# Open communicaton with finances - the struggle is real



## AVmaster (Mar 17, 2018)

Hey, had previously had a username here but for some reason couldn't retrieve the password for it, so I am not a newcomer..

I am / have been having a real hard time with financial communication with my spouse, and its always been like this.

Background story, married for 7 years, 2 children, I am a small business owner and was the sole provider for the most part up until about 2 years ago. She is now an RN, earning good money and I am still in business.

One thing that always bugged me about my wife, and it was a red flag from the beginning, is she is VERY nonchalant about money. She will $20 and $30 purchase us to death!! Even when we were dating, she would want coffee, then a couple hours later, want to stop by jamaba juice, get dinner somewhere, and probably another stop, repeat that several times a week, I counted out I probably spent over $7K just that first summer when we were dating over money I would of normally spent. I could tell that this was perfectly normal for her to go throughout the day and not be mentally adding up her purchases.

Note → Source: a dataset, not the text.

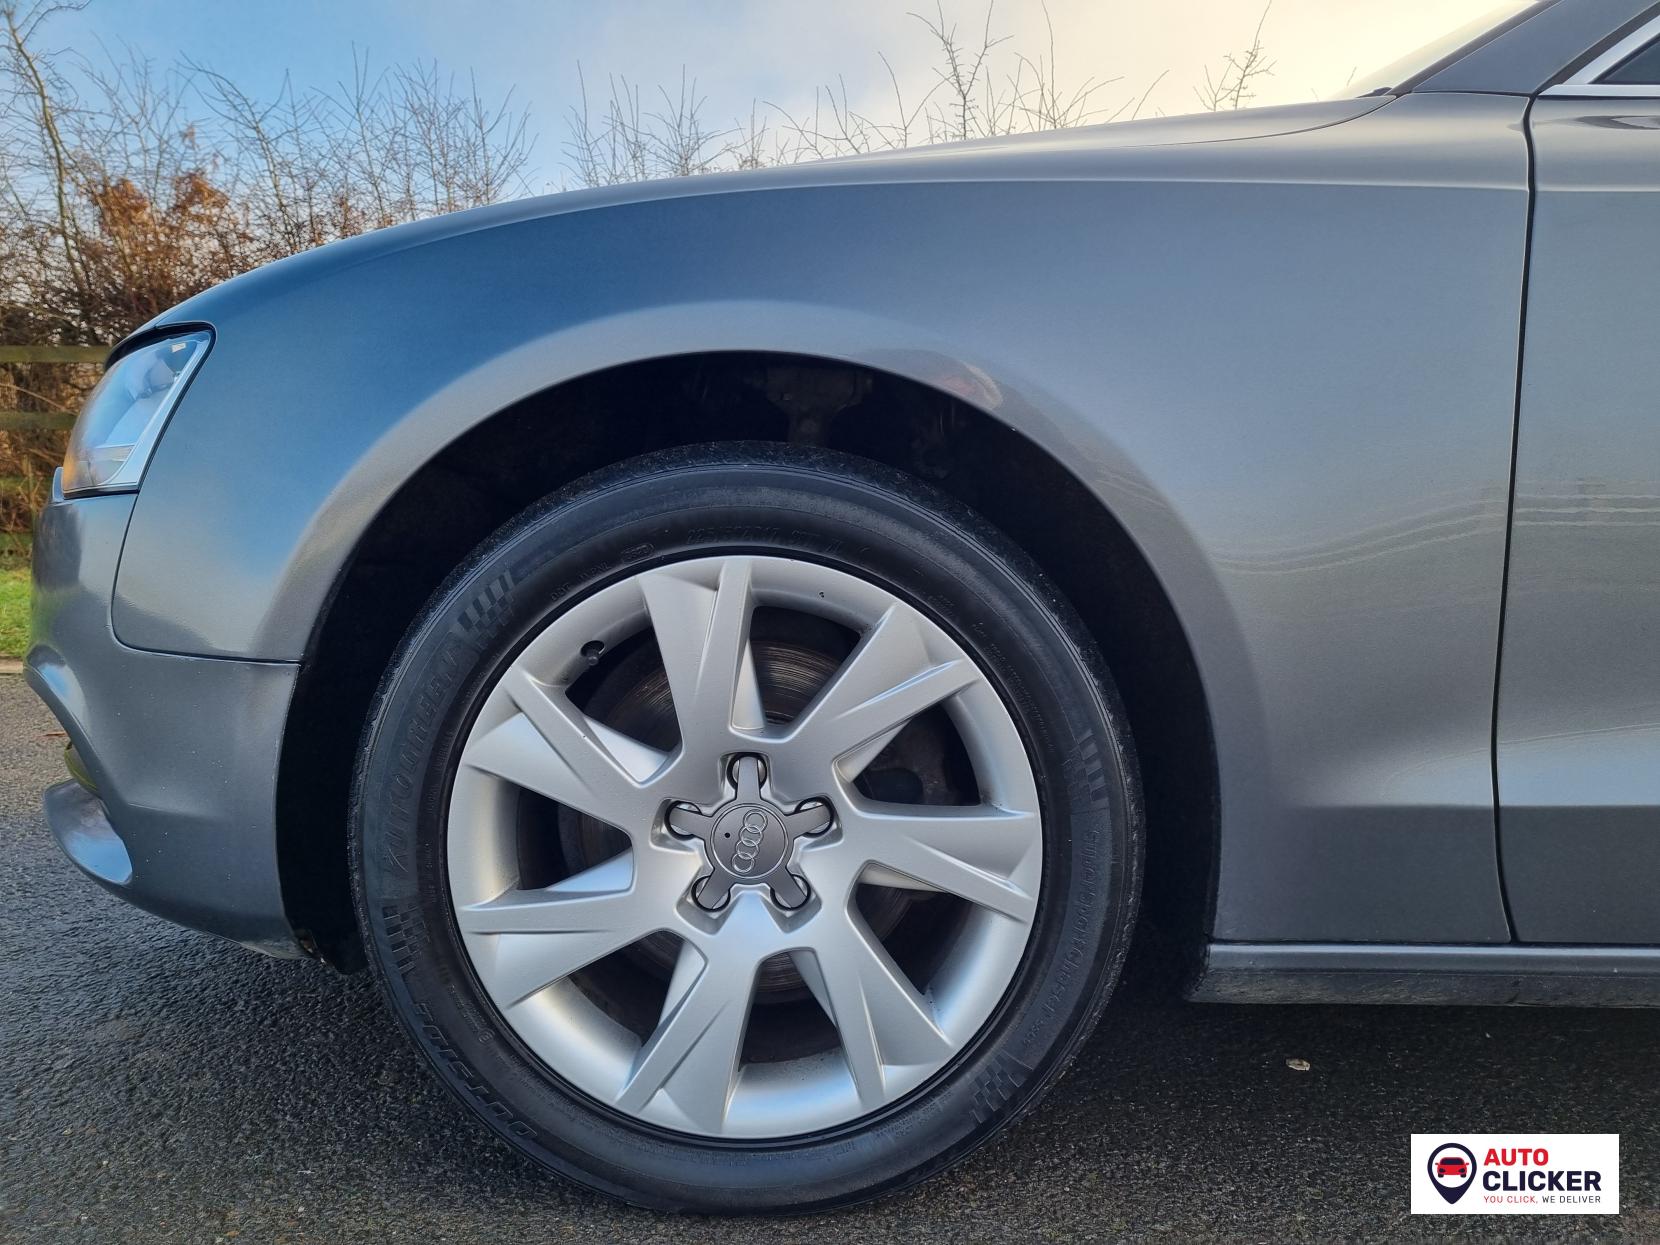 Audi A5 2.0 TDIe Sportback 5dr Diesel Manual Euro 5 (s/s) (136 ps)
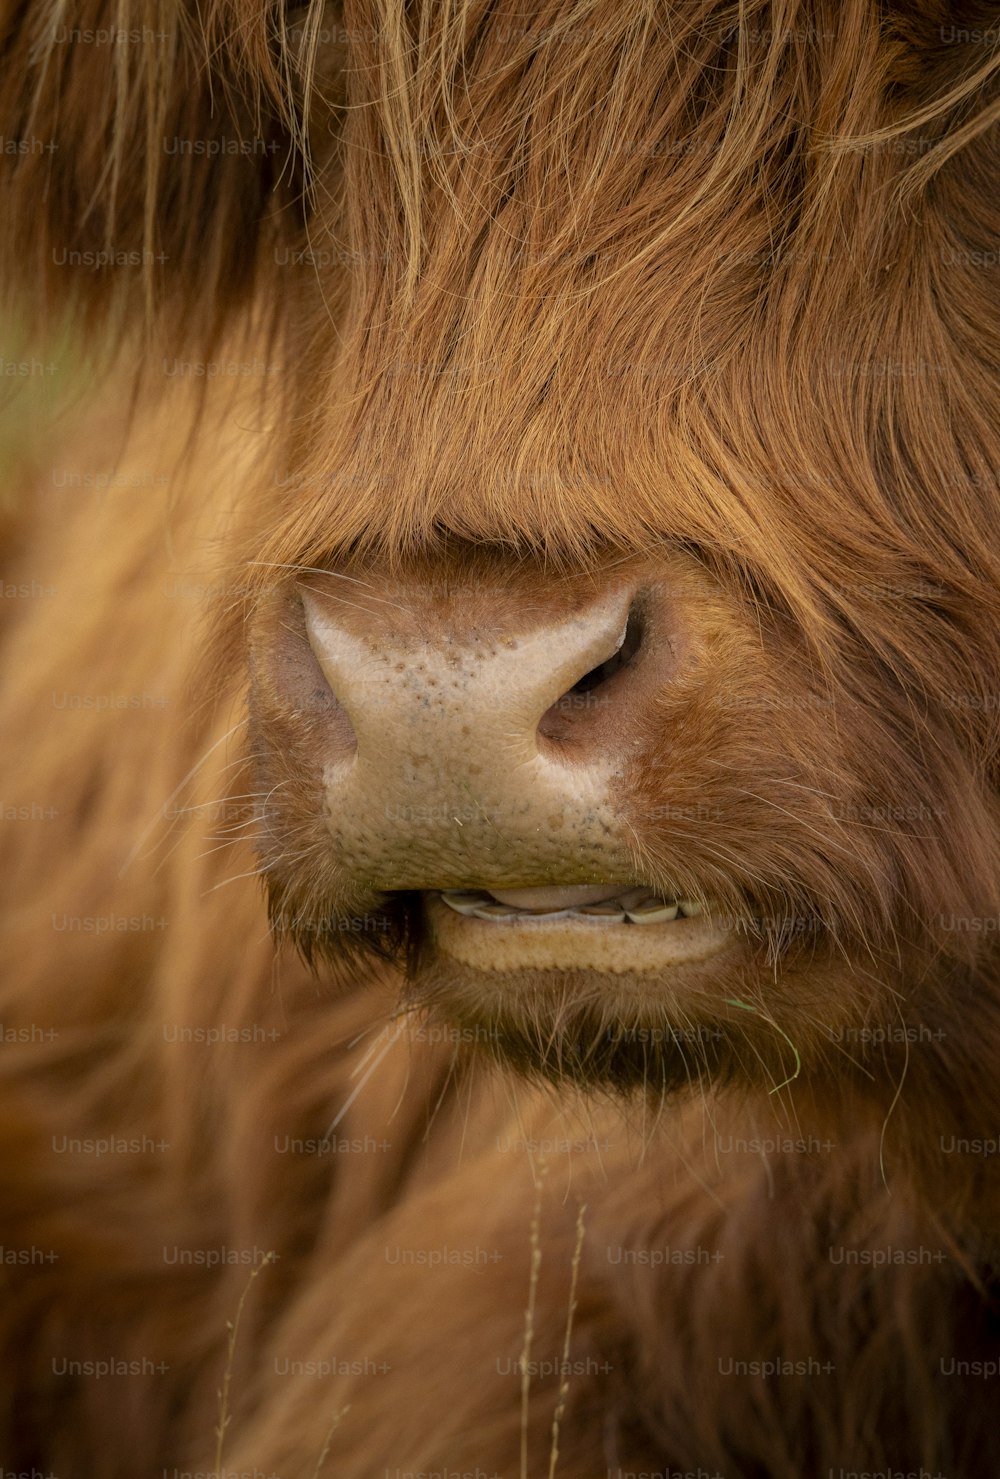 um close up do rosto de uma vaca marrom

Now she doesn't typically buy food outside the house, but the spending habits persist. 

Being in business, not every week is going to be a stellar week, so I am naturally resistant to spending, not saying I do not spend but there is a great amount of blood and sweat that goes into what I make, so I naturally have a bit of fear whenever a big purchase comes up, or any overspending happens, just because the next week may or may not be good.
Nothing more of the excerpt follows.